PROMPT:
Leave the pictures out and print, word for word, the lines below from the one with "Tufskinz Fun Rated" through the final line.

GIVEN MATERIAL:
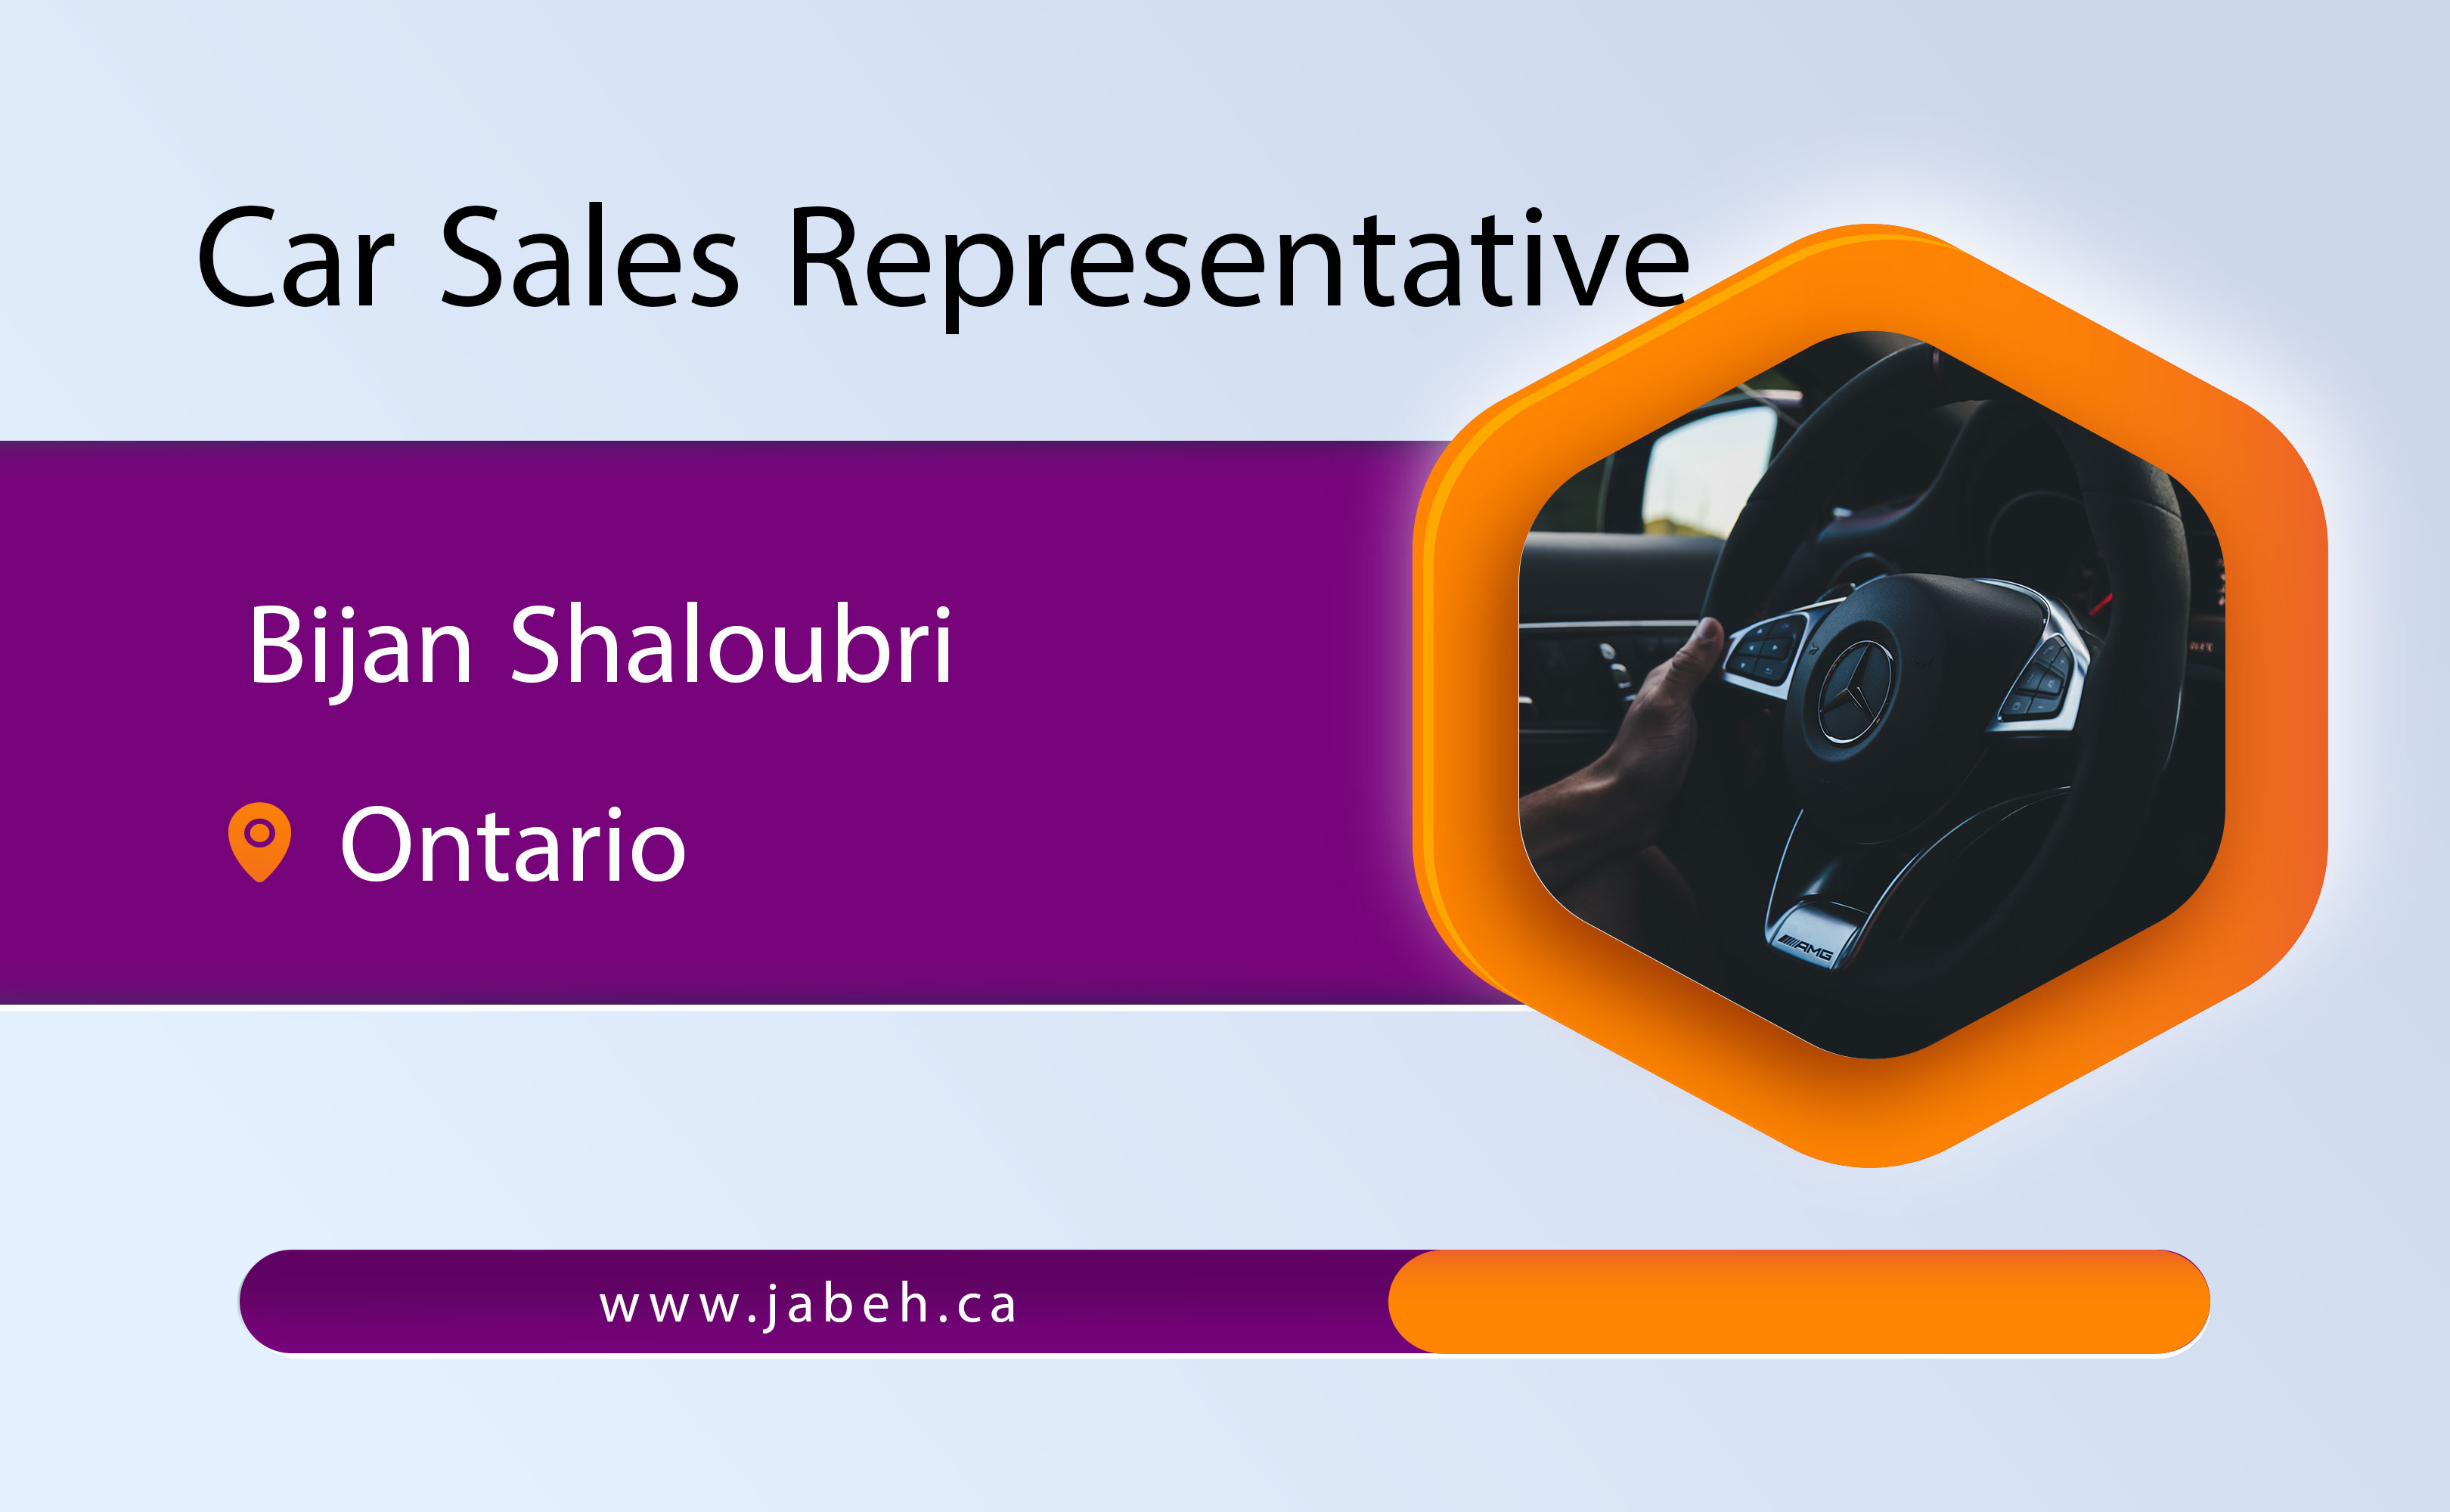 Iranian car sales representative Bijan Shaloubri in Ontario
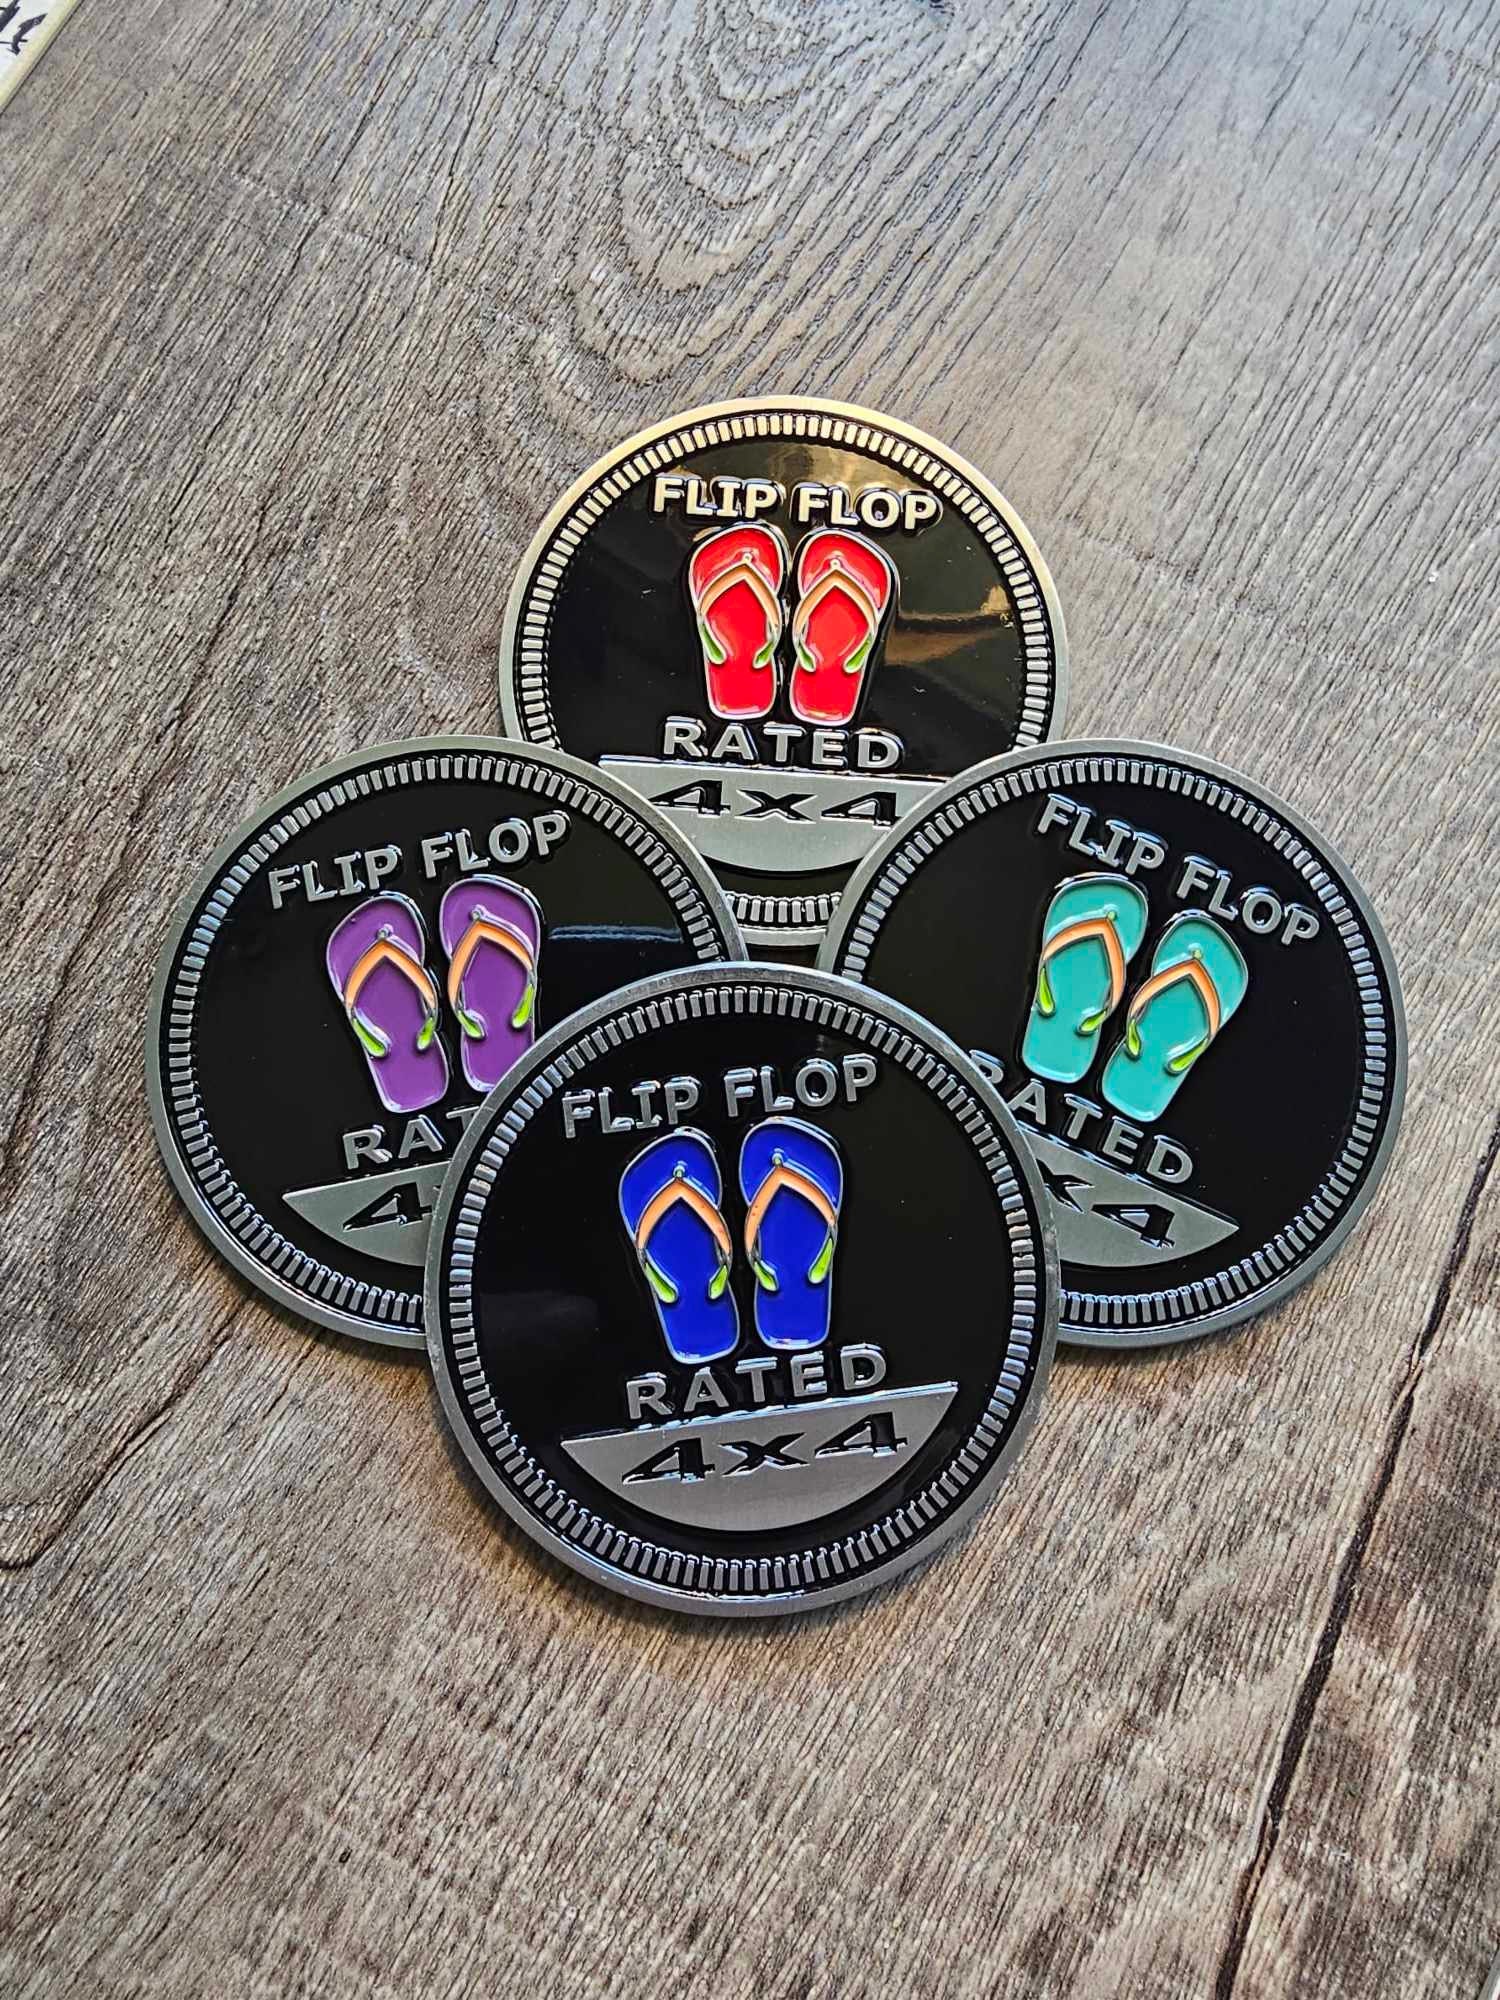 Tufskinz Fun Rated Badges Brushed Silver 1 Piece Kit , badges
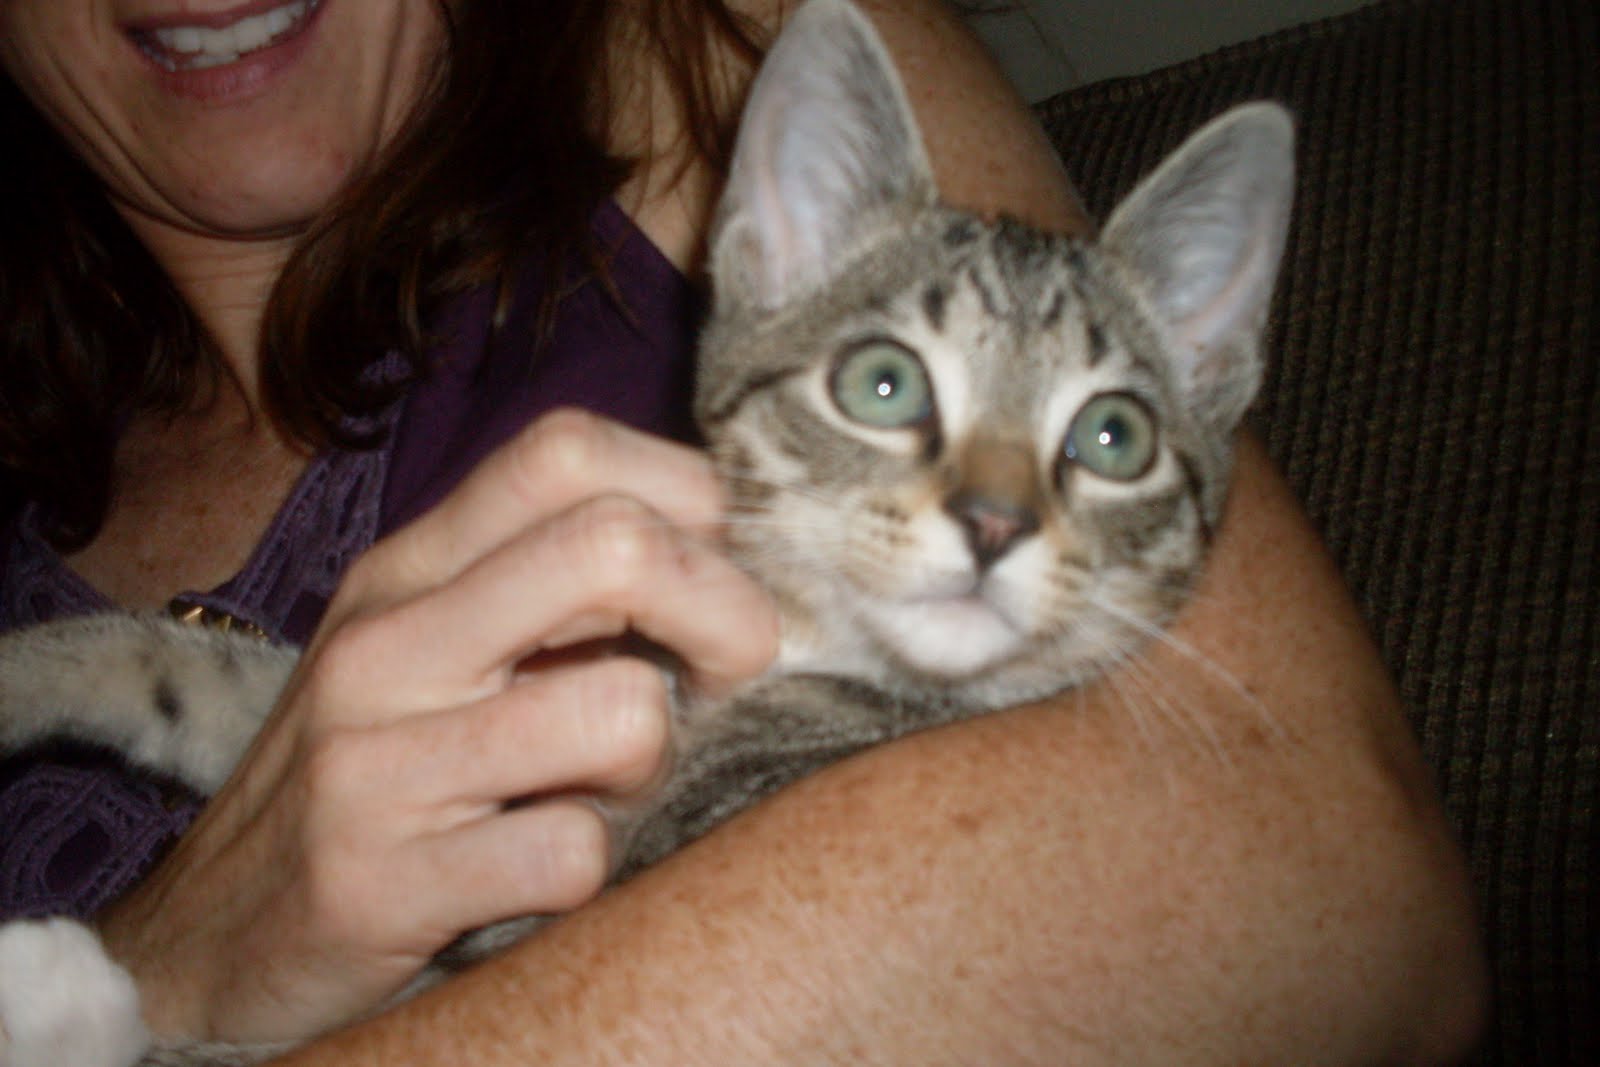 Name that Kitten! | Author Christina Tarabochia

TASK RESULT:
 Tufskinz Fun Rated Badges Brushed Silver 1 Piece Kit , badges
 Name that Kitten! | Author Christina Tarabochia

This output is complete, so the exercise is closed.